**RECORDS PROVIDED**
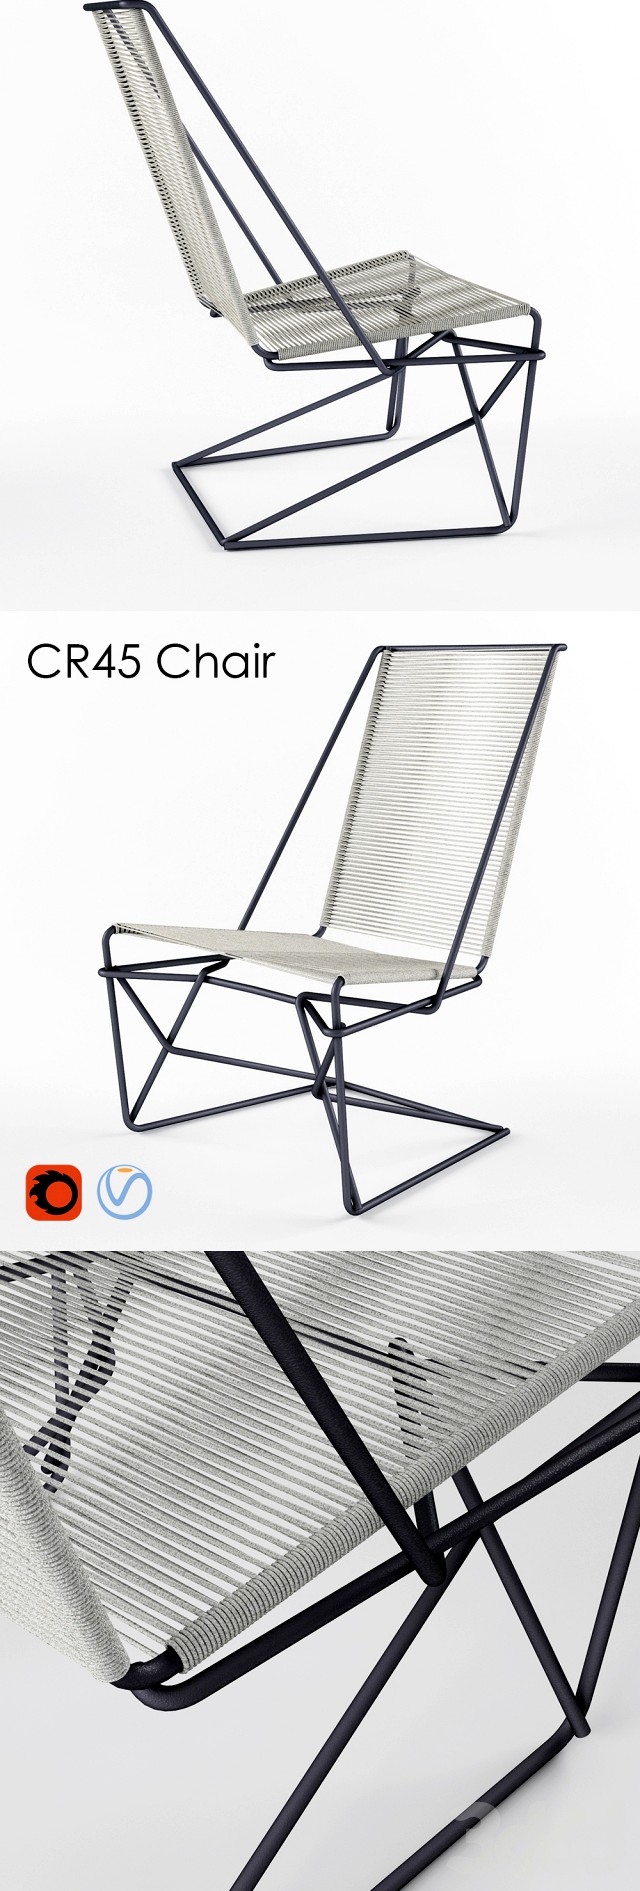 CR45 Chair
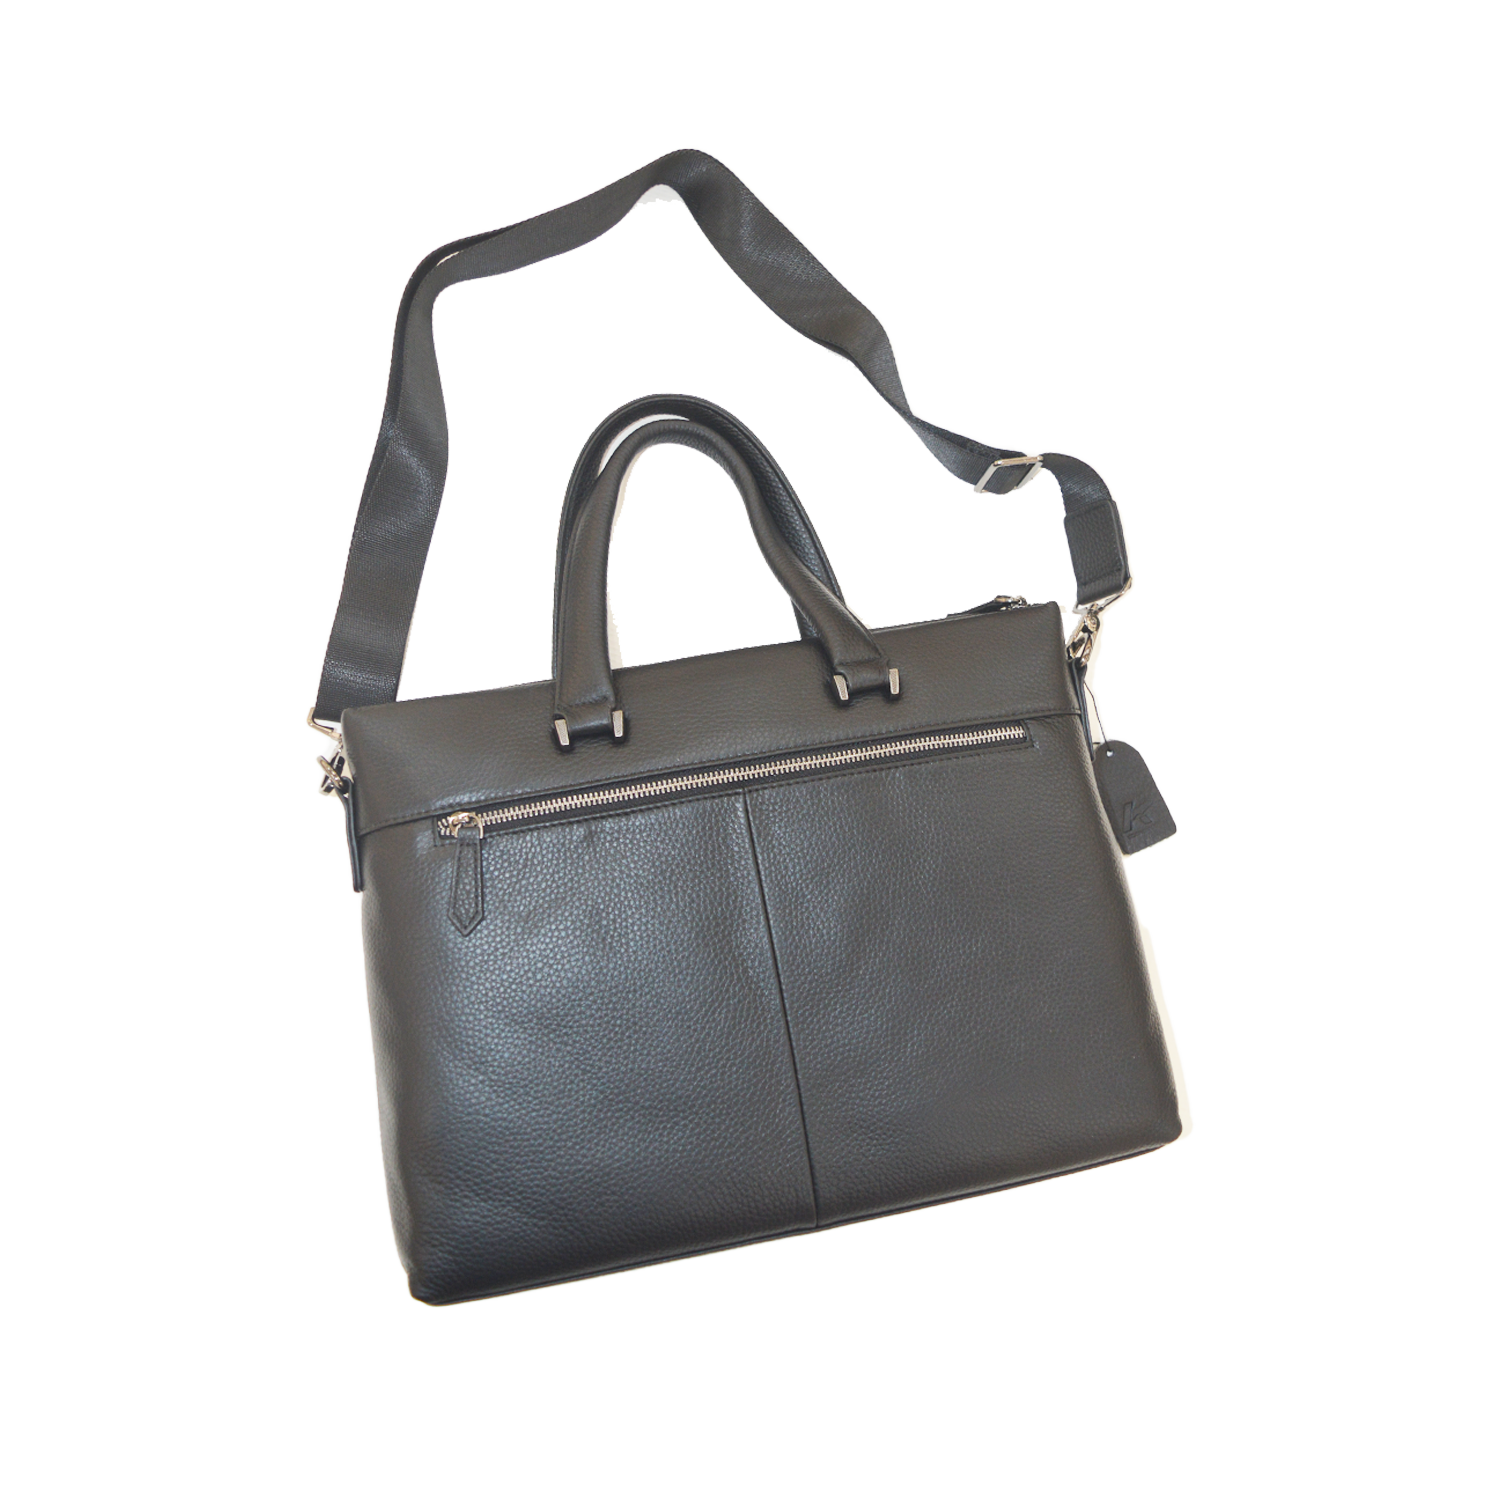 Genuine Leather Man Bag Briefcases Laptop Briefcase Business Bag Crossbody Handbag
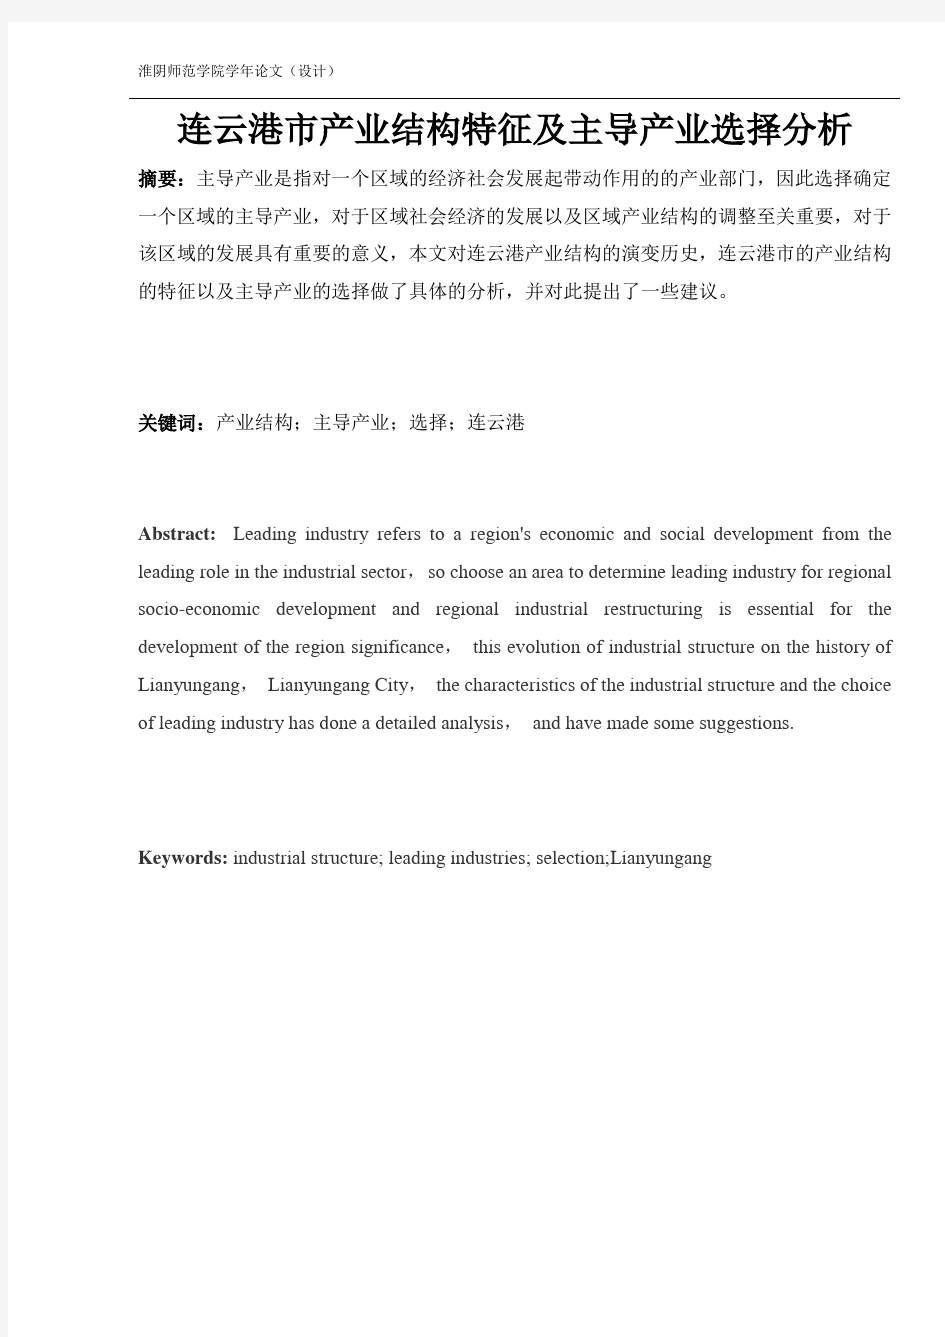 连云港市产业结构特征及主导产业选择分析
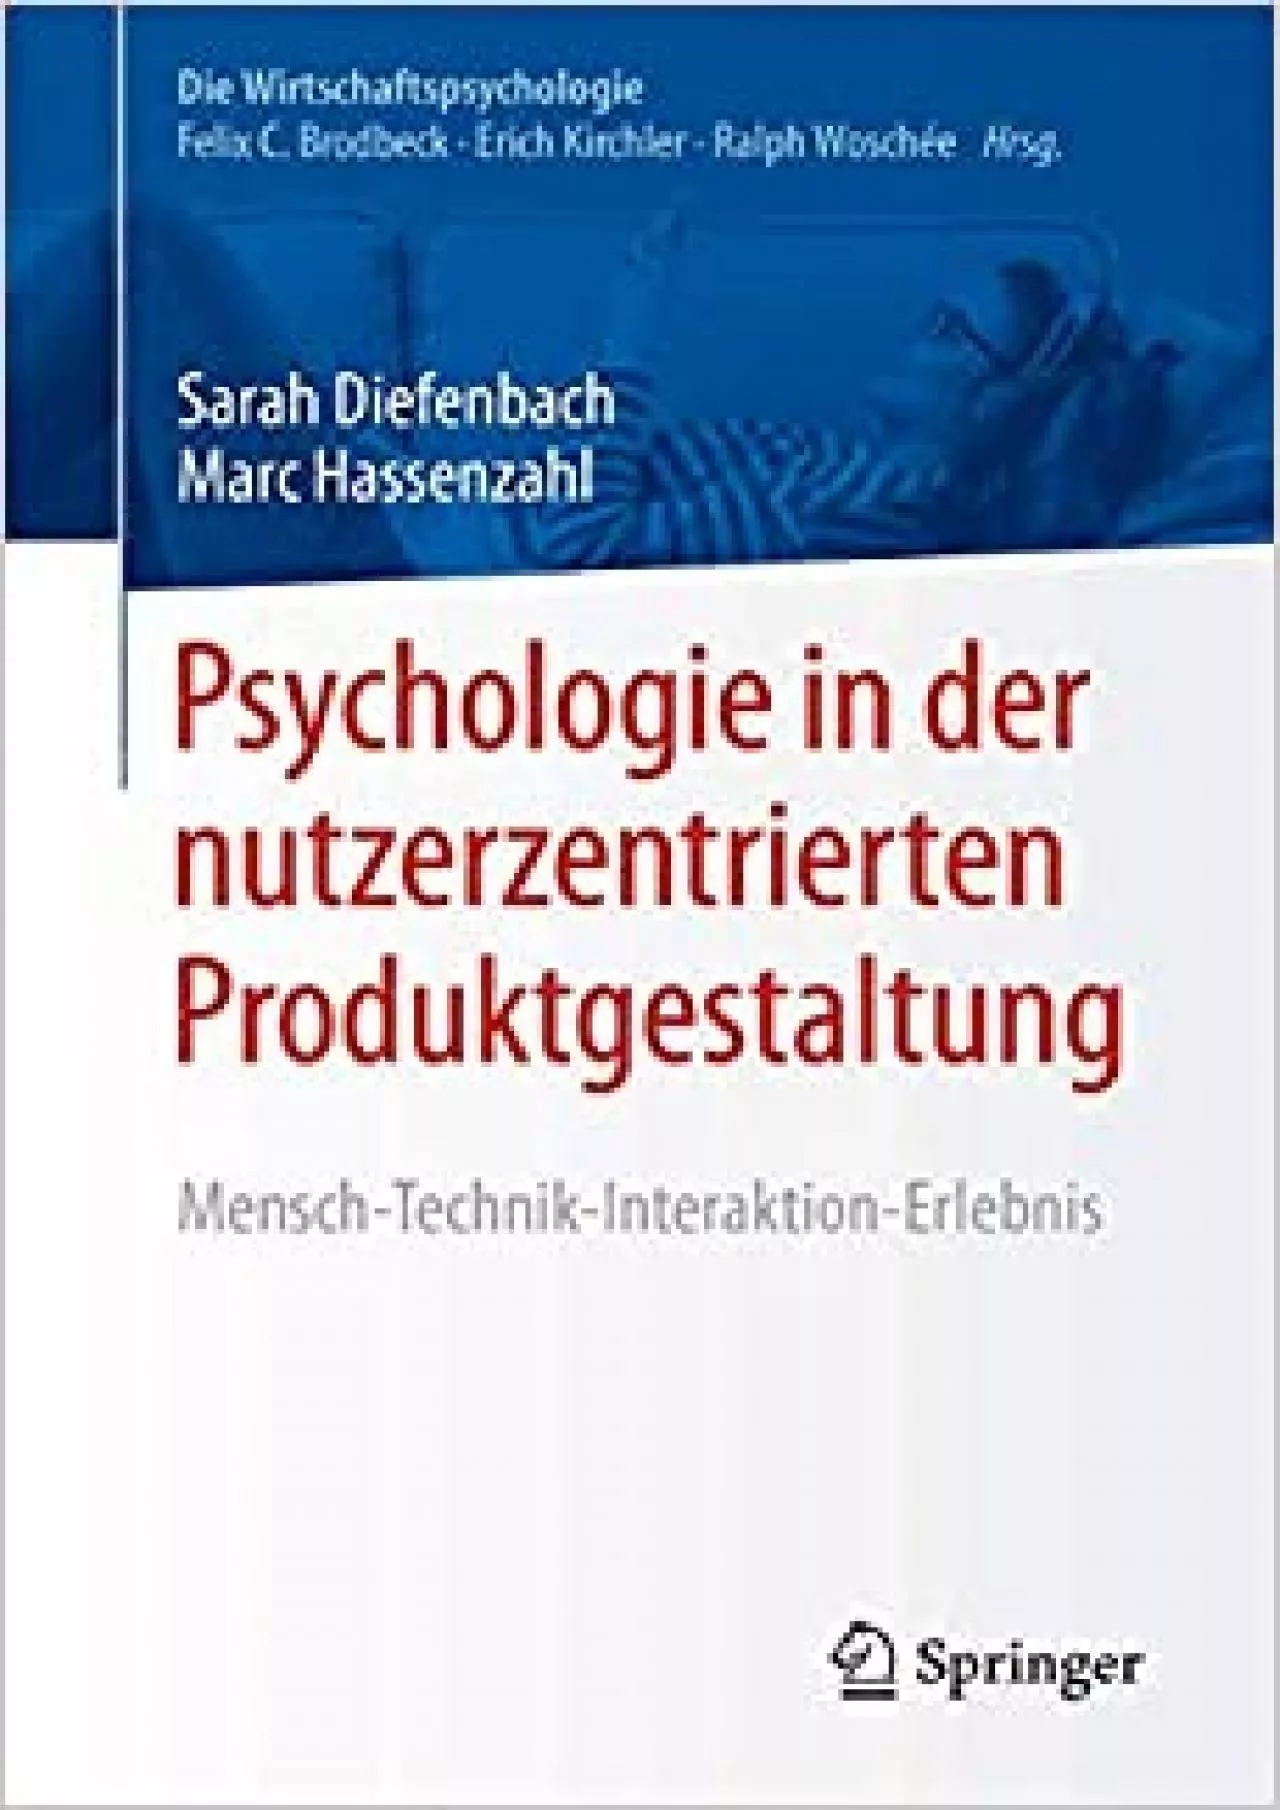 (READ)-Psychologie in der nutzerzentrierten Produktgestaltung Mensch-Technik-Interaktion-Erlebnis
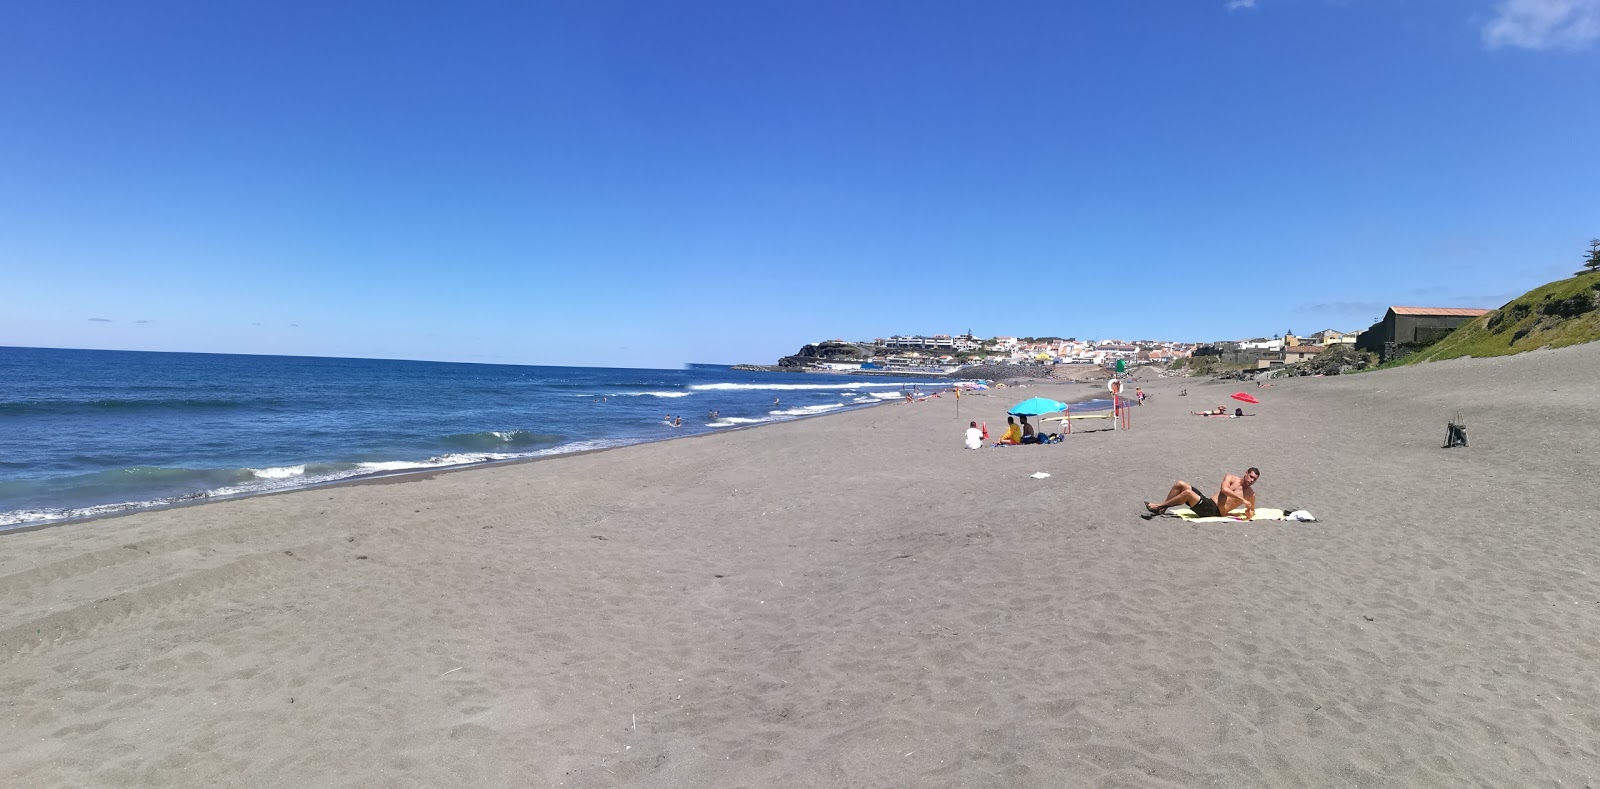 Praia do Monte Verde'in fotoğrafı gri kum yüzey ile

**EXERCISE**
All of the listing is to be written out exactly, with the pictures left out.

**RESULT OF THIS EXERCISE**
 CR45 Chair
 Genuine Leather Man Bag Briefcases Laptop Briefcase Business Bag Crossbody Handbag
 连云港市产业结构特征及主导产业选择分析
 (READ)-Psychologie in der nutzerzentrierten Produktgestaltung Mensch-Technik-Interaktion-Erlebnis
 Praia do Monte Verde'in fotoğrafı gri kum yüzey ile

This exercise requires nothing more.